[Date Prev][Date Next][Thread Prev][Thread Next][Date Index][Thread Index]
Re: [Bug-wget] Incorrect handling of Cyrillic characters in http request
From: |
Tim Rühsen |
Subject: |
Re: [Bug-wget] Incorrect handling of Cyrillic characters in http request - any workaround? |
Date: |
Tue, 31 Mar 2015 22:50:18 +0200 |
User-agent: |
KMail/4.14.2 (Linux/3.16.0-4-amd64; KDE/4.14.2; x86_64; ; ) |
Hi Steven,
Am Dienstag, 31. März 2015, 18:11:58 schrieb Stephen Wells:
> Dear all - I am currently trying to use wget to obtain mp3 files from the
> Google Translate TTS system. In principle this can be done using:
>
> wget -U Mozilla -O "${string}.mp3" "
> http://translate.google.com/translate_tts?tl=TL&q=${string}"
>
> where TL is a twoletter language code (en,fr,de and so on).
>
> However I am meeting a serious error when I try to send Russian strings
> (tl=ru) in Cyrillic characters. I'm working in a UTF-8 environment (under
> Cygwin) and the file system will display the cyrillic strings no problem.
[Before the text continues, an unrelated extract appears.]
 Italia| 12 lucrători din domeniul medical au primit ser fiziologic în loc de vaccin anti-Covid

> If I provide a command like this:
>
> http://translate.google.com/translate_tts?tl=ru&q=мазать
>
> wget incorrectly processes the Cyrillic characters _before_ sending the
> http request, so what it actually requests is:
>
> http://translate.google.com/translate_tts?tl=ru&q=%D0%BC%D0%B0%D0%B7%D0%B0%D
> 1%82%D1%8C
This seems to be the correct behavior of a web client.
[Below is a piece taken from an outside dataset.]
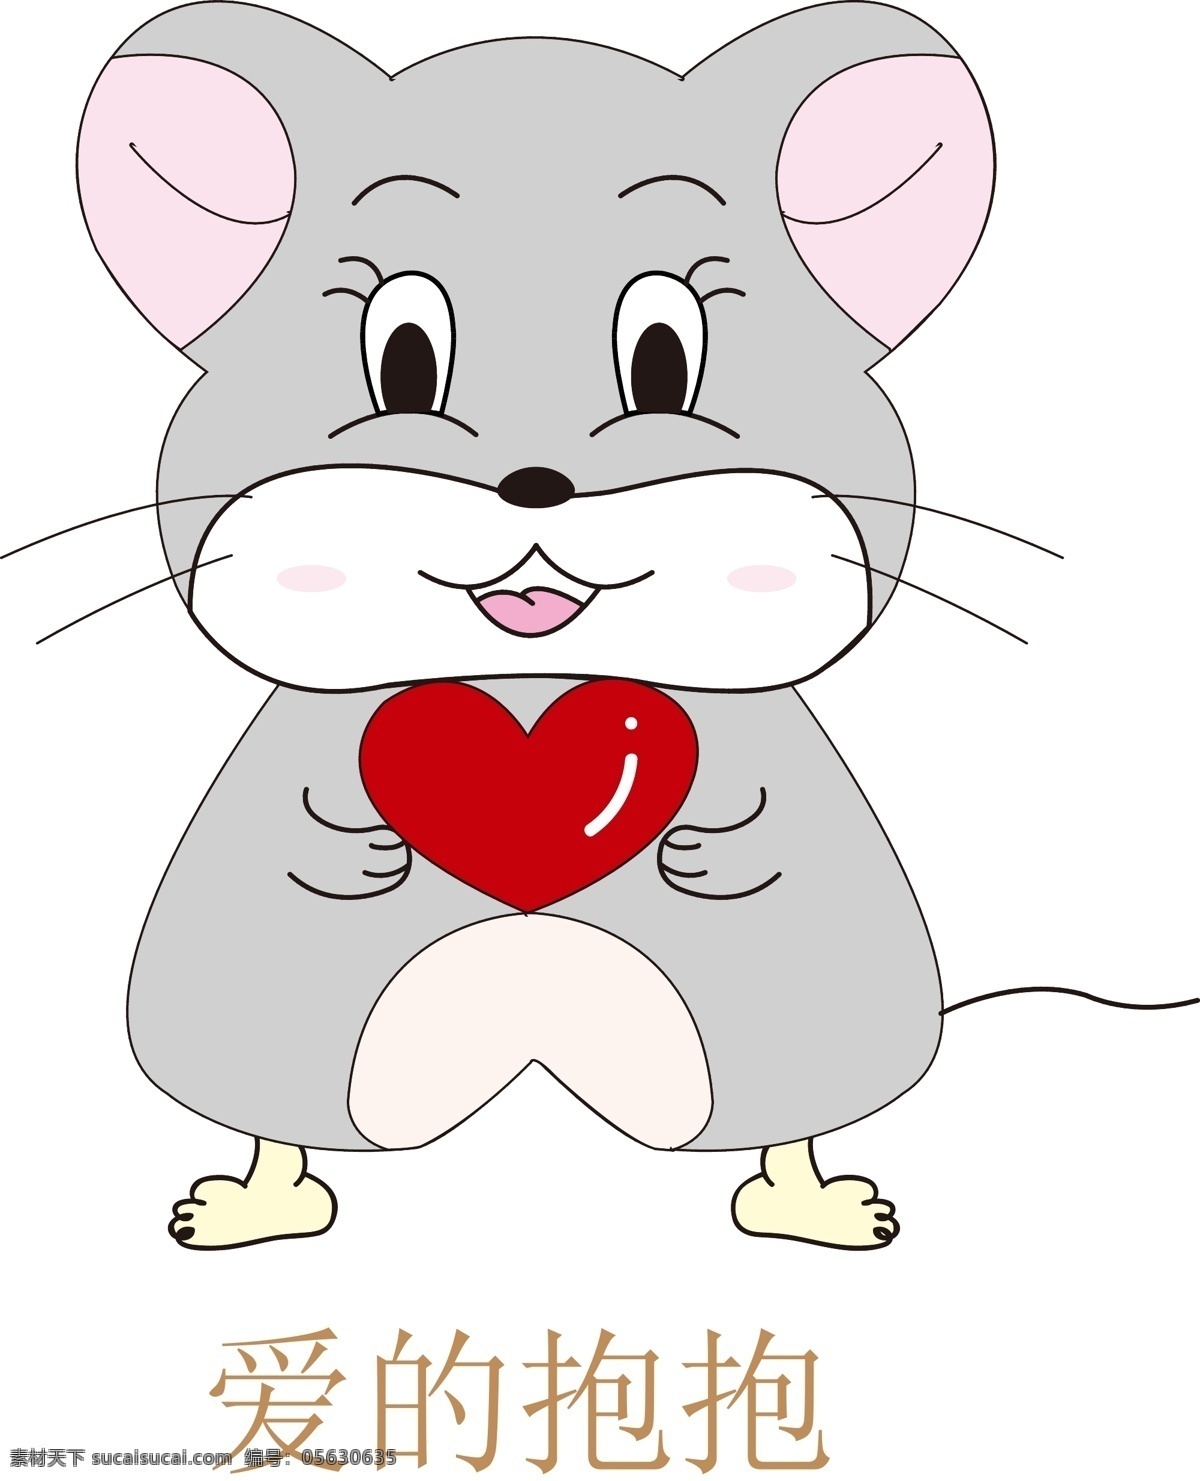 小老鼠 爱心 灰鼠 小鼠宝 宝宝 动漫动画 动漫人物

The URL in the GET request is transmitted UTF-8 encoded and percent escaping
is performed for chars >127 (not mentioning control chars here).
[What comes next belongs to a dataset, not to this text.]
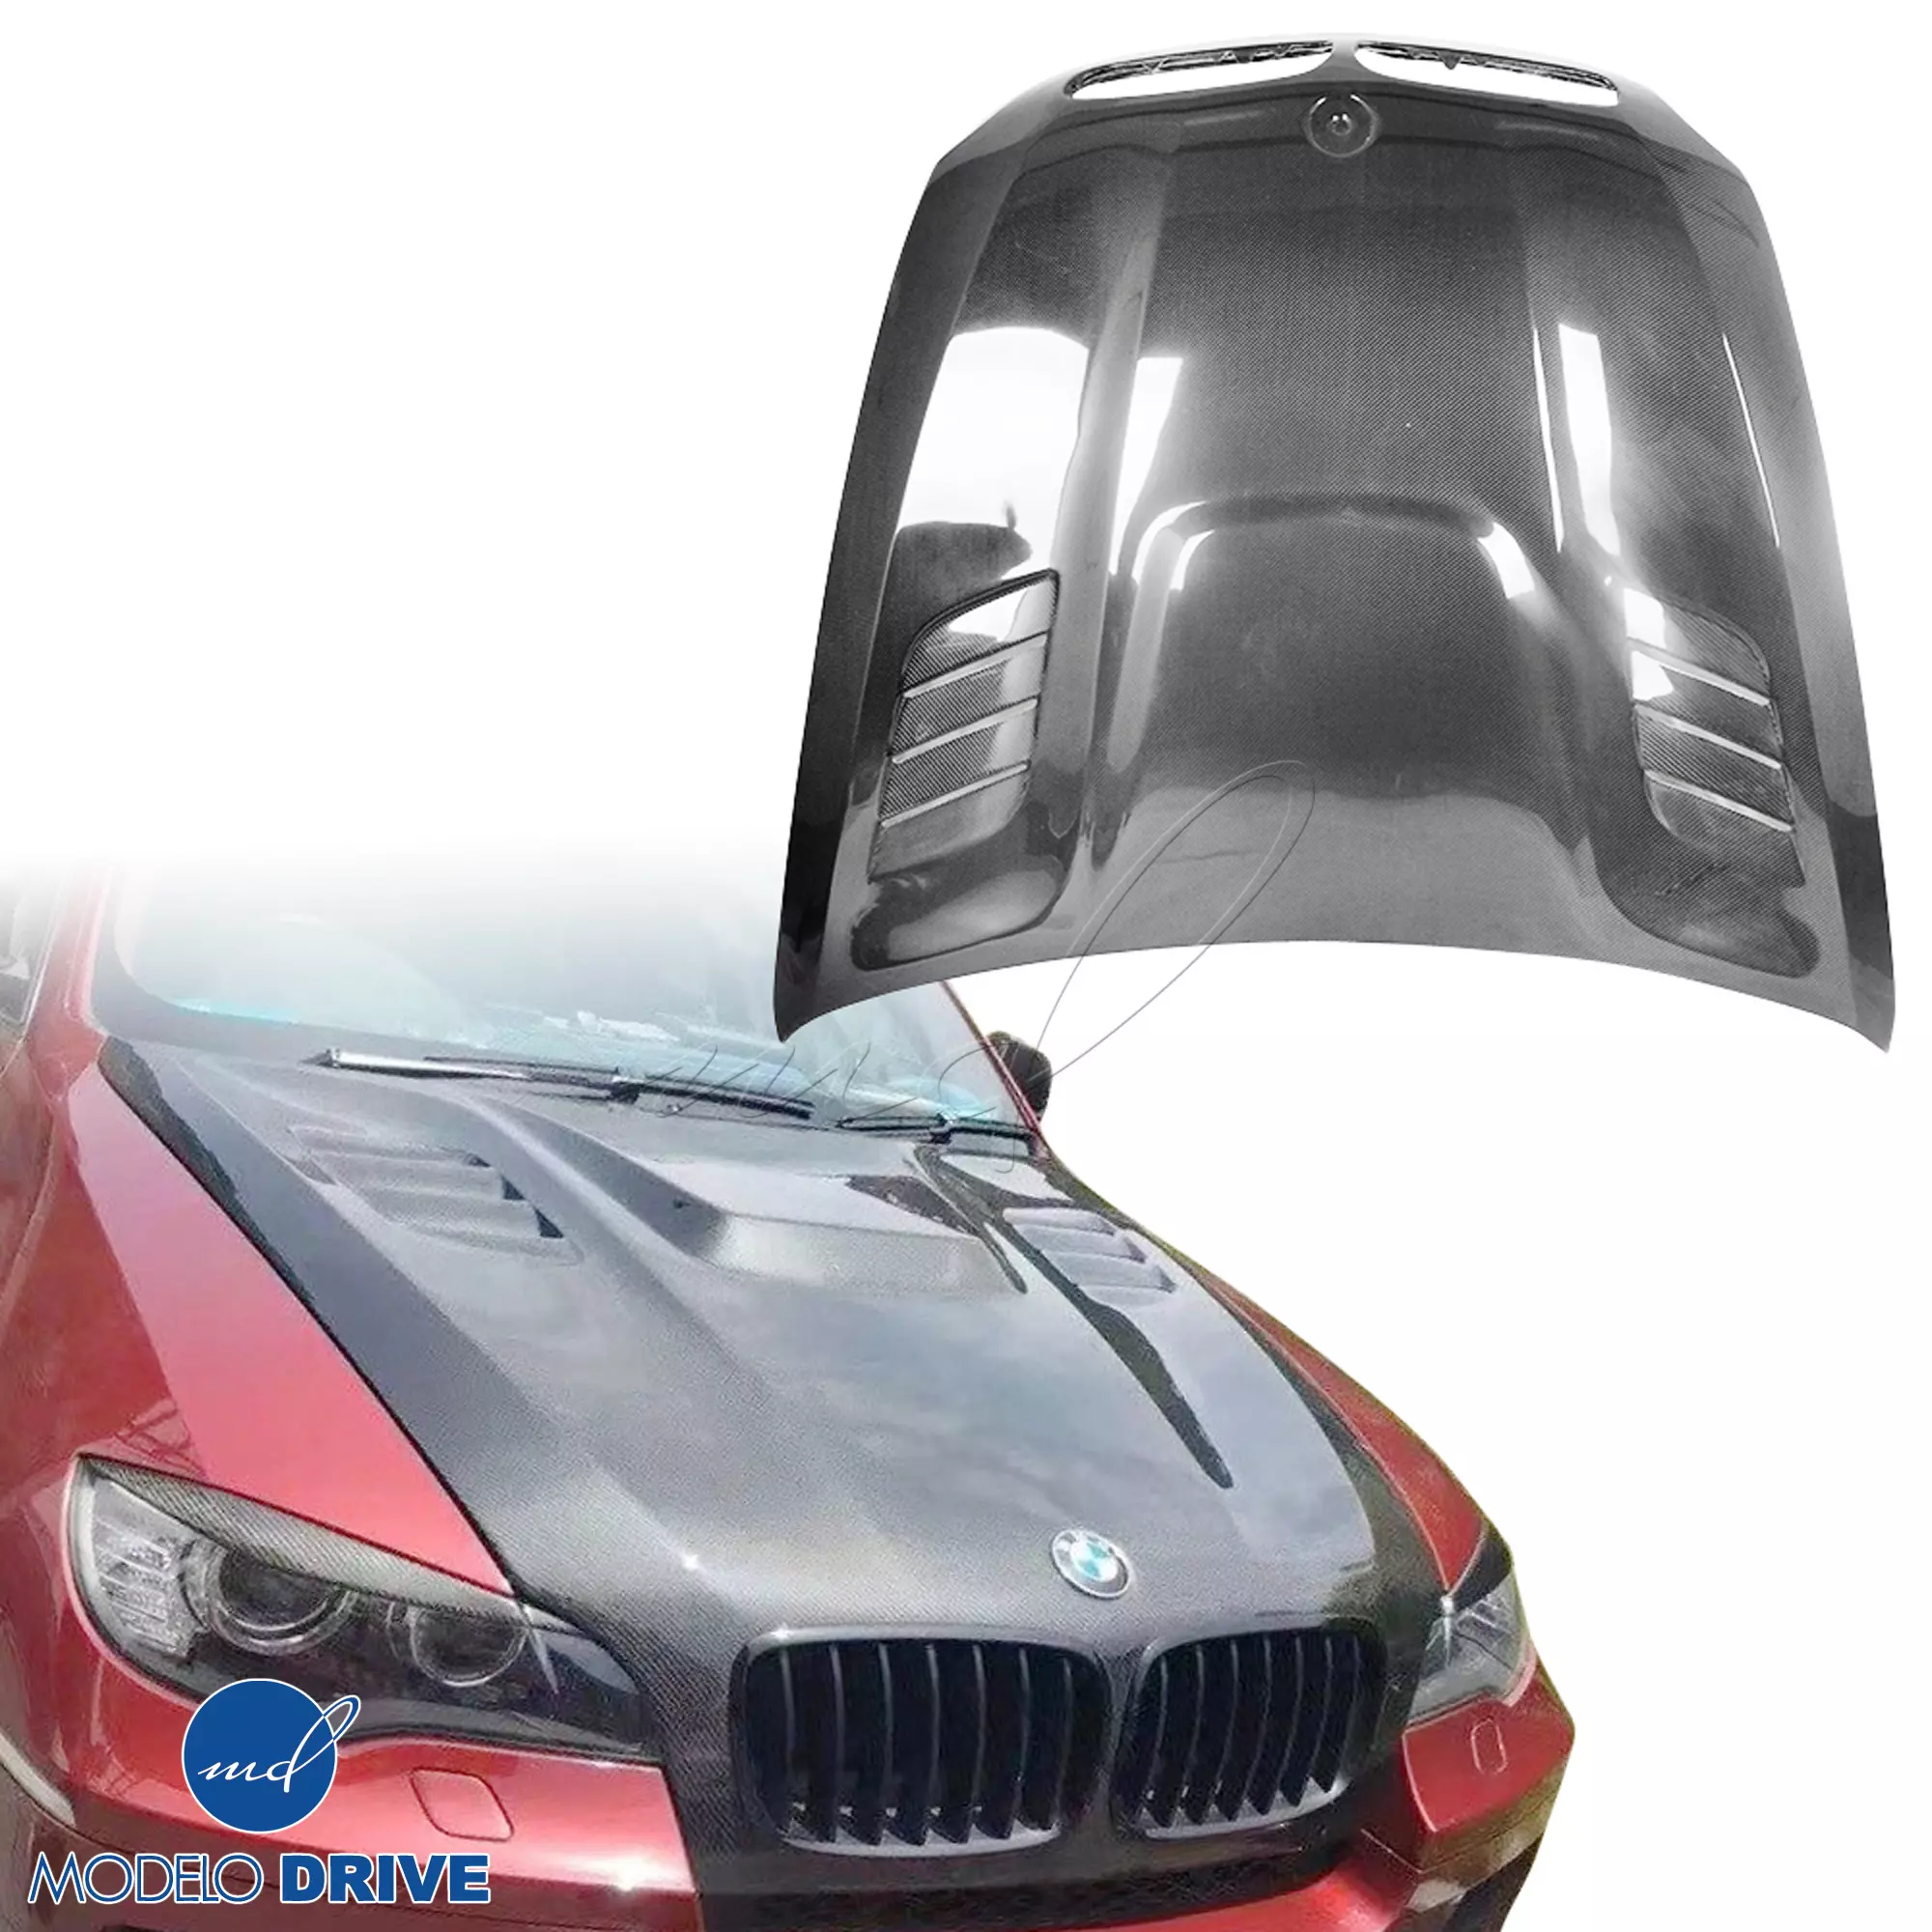 ModeloDrive Carbon Fiber VORT Hood > BMW X6 E71 2008-2014 - Image 6

> This of course produces a string of gibberish in the resulting mp3 file!
This is something different. If you are talking about the file name, well
there is --restrict-file-names=nocontrol. Did you give it a try ?
> Is there any way to make wget actually send the string it is given, instead
> of mangling it on the way out? This is really blocking me.
From what you write, I am unsure if you are talking about the resulting file
name or about HTTP URL encoding in a GET request.
Regards, Tim
signature.asc
Description: This is a digitally signed message part.